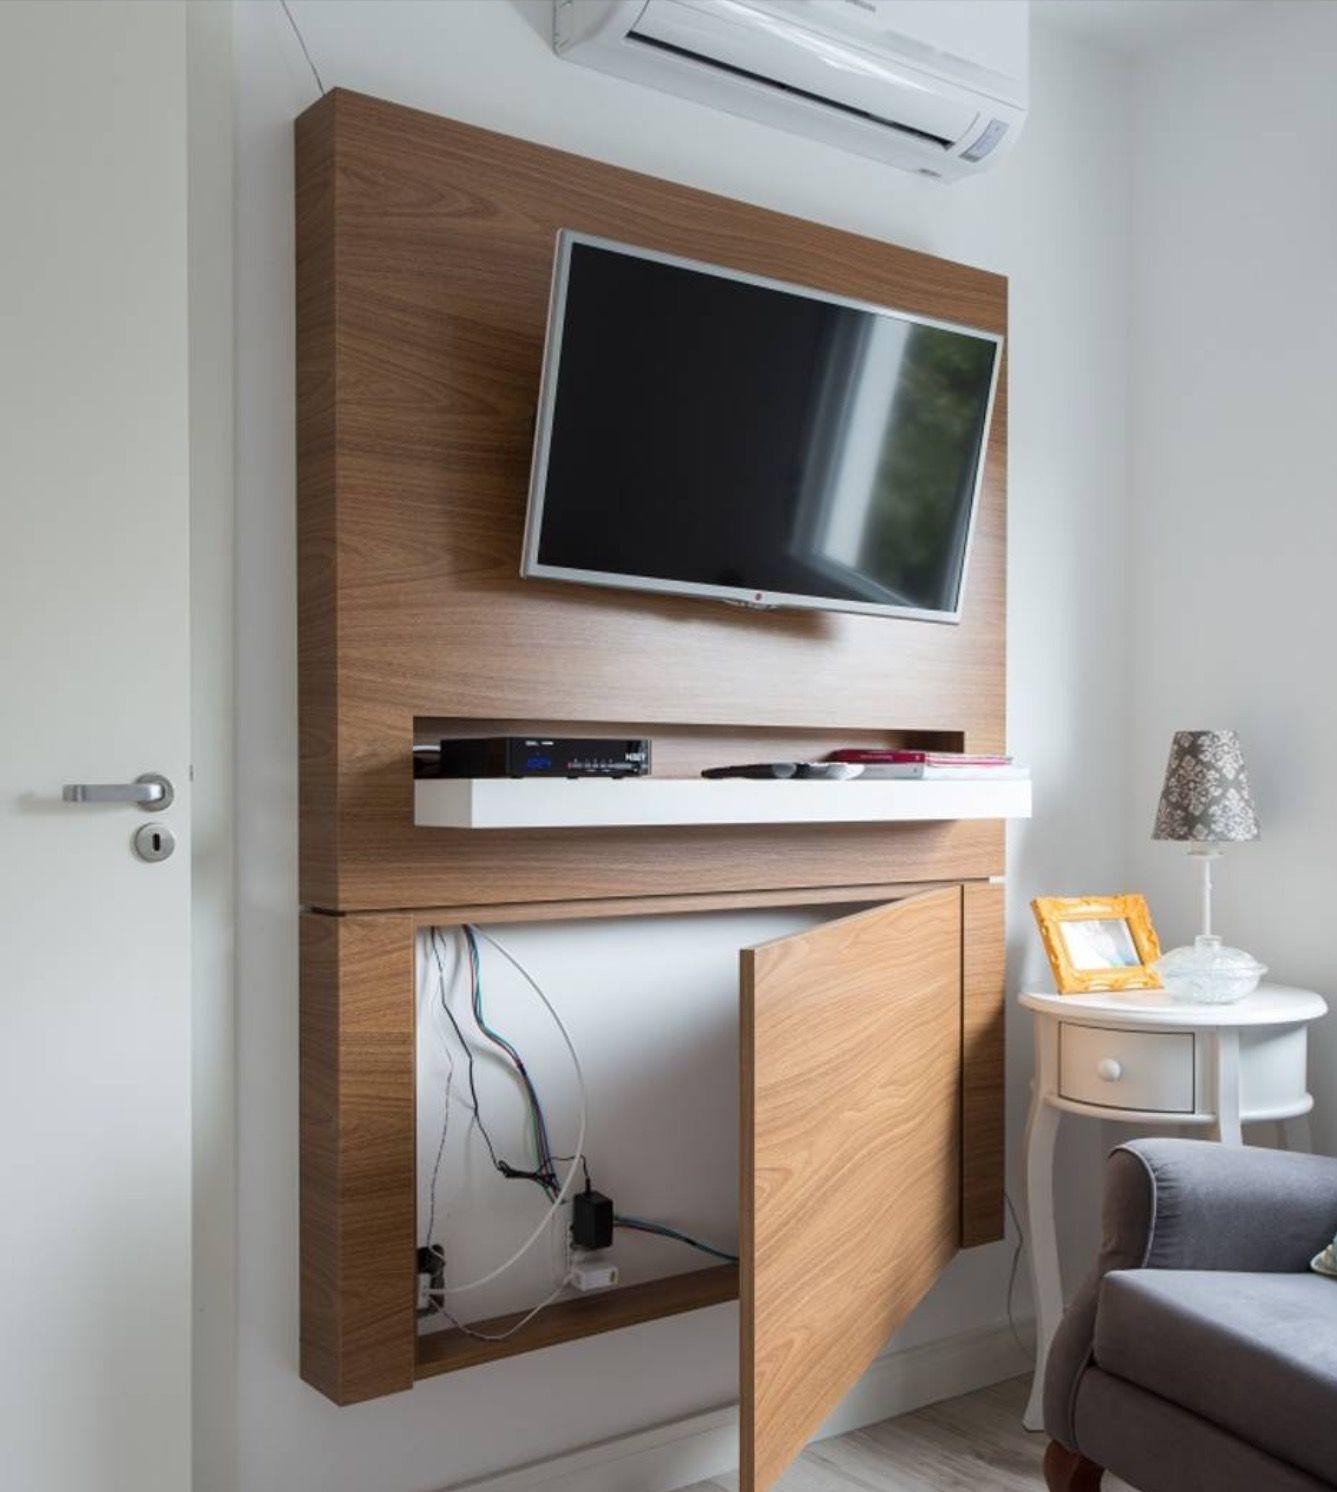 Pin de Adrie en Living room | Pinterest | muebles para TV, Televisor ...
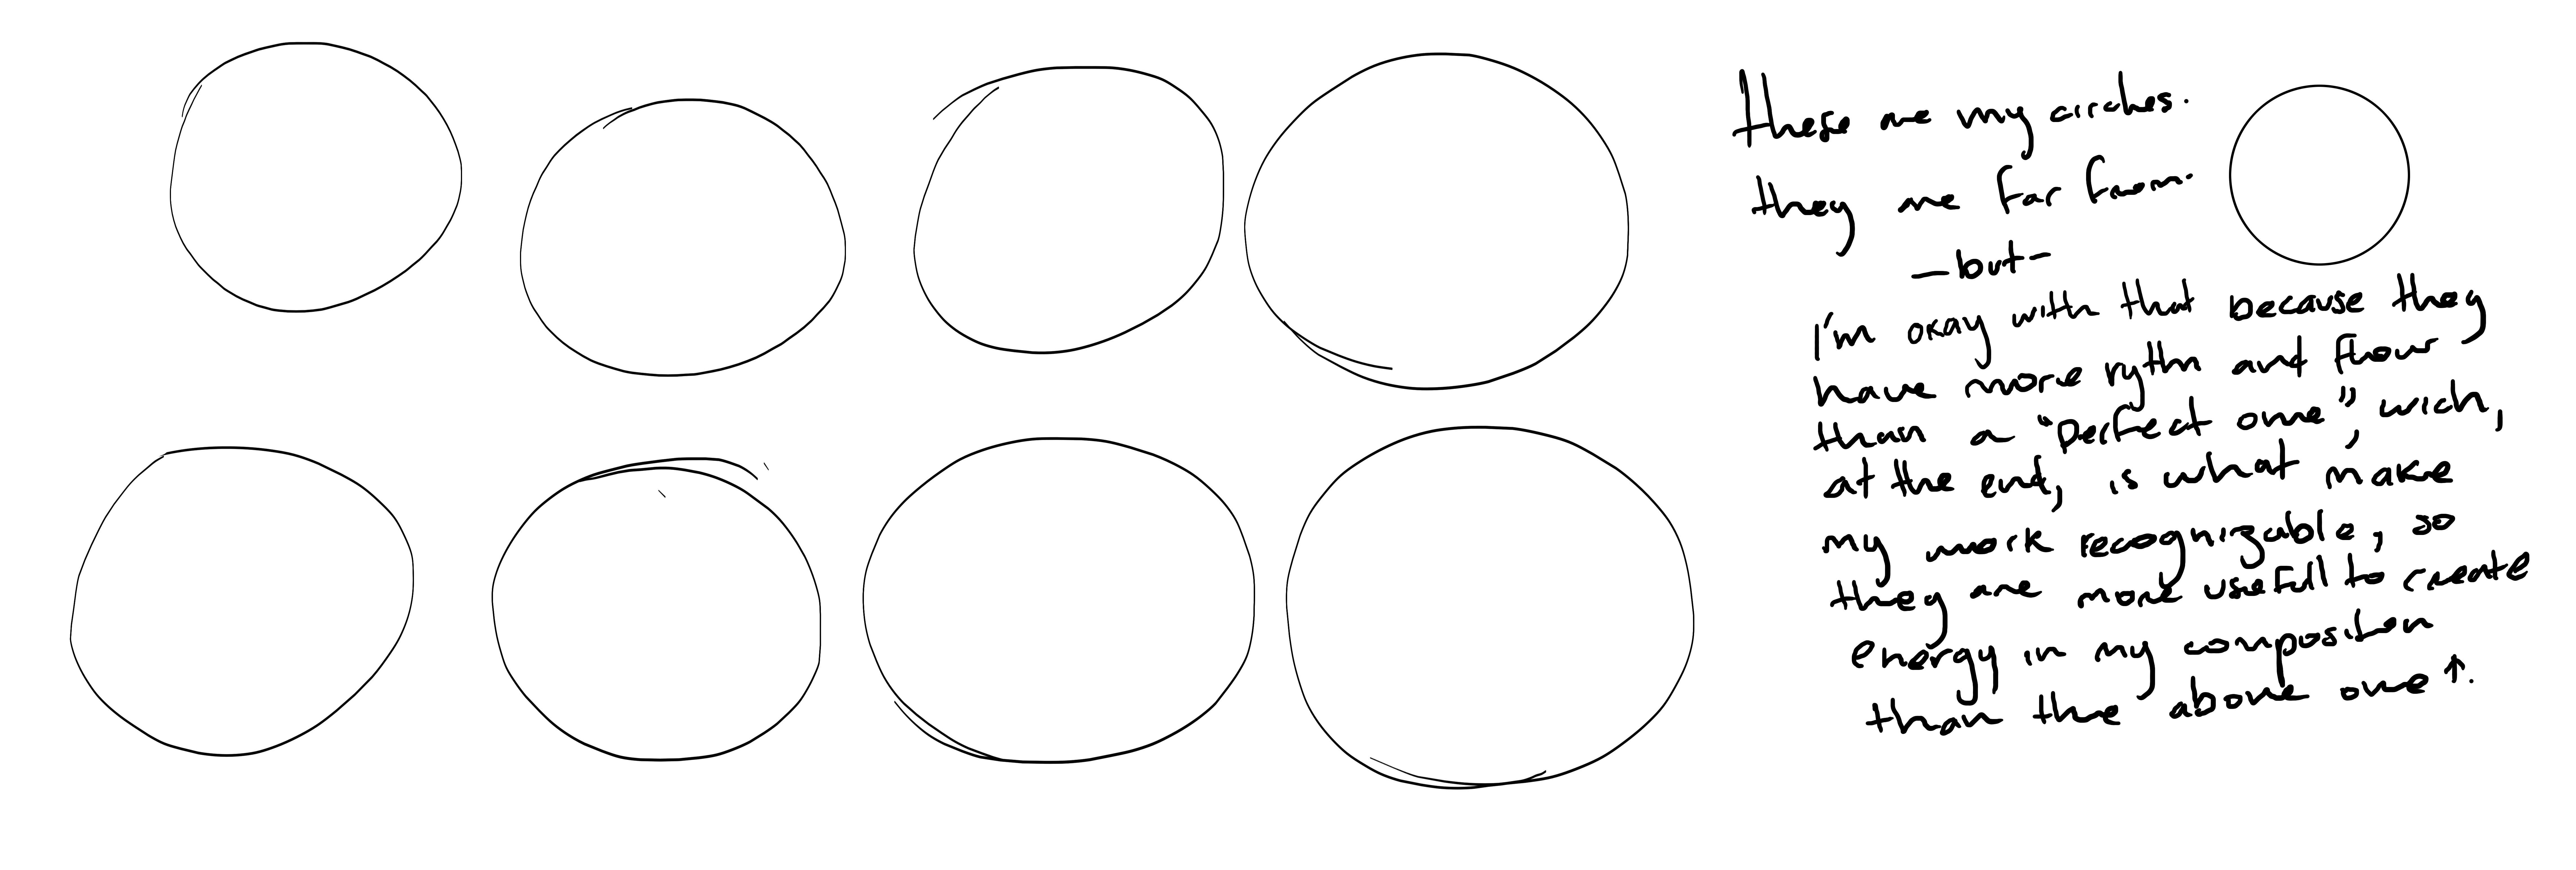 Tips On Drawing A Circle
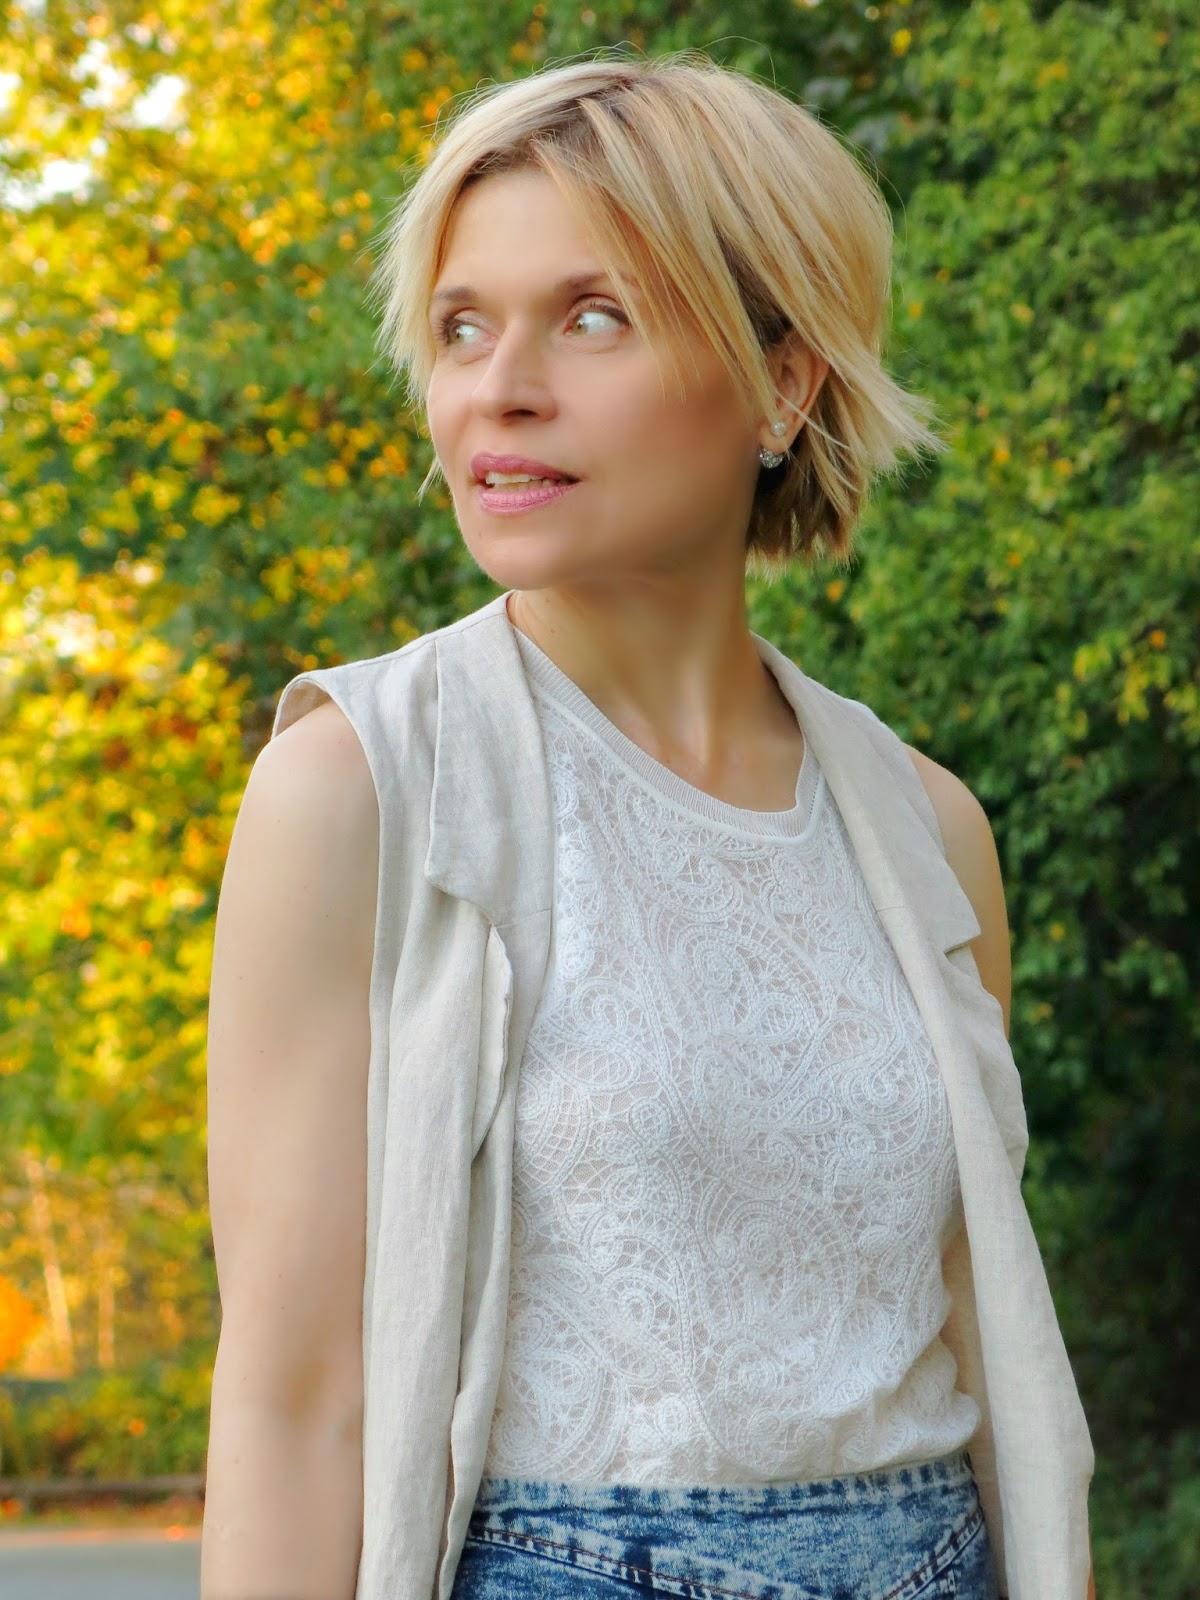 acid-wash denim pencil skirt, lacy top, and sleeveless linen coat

◆ Assignment ◆
Only the words belong in your copy: restate the data above exactly and leave the images out.

◆ Solution to this task ◆
 Pin de Adrie en Living room | Pinterest | muebles para TV, Televisor ...
 Tips On Drawing A Circle
 acid-wash denim pencil skirt, lacy top, and sleeveless linen coat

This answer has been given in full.